WHAT YOU WILL DO:
Report how many lines contain the word "foto" in the listing that follows. Give nothing besides the number.

START PROVIDED DATA

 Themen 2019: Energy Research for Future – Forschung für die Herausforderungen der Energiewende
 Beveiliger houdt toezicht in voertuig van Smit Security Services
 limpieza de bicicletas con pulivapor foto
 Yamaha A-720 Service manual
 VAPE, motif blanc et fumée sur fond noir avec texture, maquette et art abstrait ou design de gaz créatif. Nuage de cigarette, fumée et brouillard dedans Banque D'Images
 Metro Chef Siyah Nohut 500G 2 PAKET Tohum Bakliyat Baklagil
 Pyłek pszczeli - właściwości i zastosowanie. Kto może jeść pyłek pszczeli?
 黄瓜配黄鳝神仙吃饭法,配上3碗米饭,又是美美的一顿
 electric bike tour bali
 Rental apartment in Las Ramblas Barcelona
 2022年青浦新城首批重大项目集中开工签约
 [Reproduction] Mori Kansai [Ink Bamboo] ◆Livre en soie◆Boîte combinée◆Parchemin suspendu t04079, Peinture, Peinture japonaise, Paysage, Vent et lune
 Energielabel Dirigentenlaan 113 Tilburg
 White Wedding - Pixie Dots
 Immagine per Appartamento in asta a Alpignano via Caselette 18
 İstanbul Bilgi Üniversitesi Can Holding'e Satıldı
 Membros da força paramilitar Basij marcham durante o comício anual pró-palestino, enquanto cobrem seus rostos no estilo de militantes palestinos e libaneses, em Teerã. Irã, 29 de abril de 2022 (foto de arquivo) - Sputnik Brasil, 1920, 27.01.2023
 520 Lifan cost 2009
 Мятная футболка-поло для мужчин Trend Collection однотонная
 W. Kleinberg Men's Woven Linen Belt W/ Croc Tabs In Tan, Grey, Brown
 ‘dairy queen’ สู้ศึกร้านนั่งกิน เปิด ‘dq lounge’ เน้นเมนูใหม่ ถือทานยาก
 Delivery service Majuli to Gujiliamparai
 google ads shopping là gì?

END PROVIDED DATA

RESPONSE TO THE TASK:
2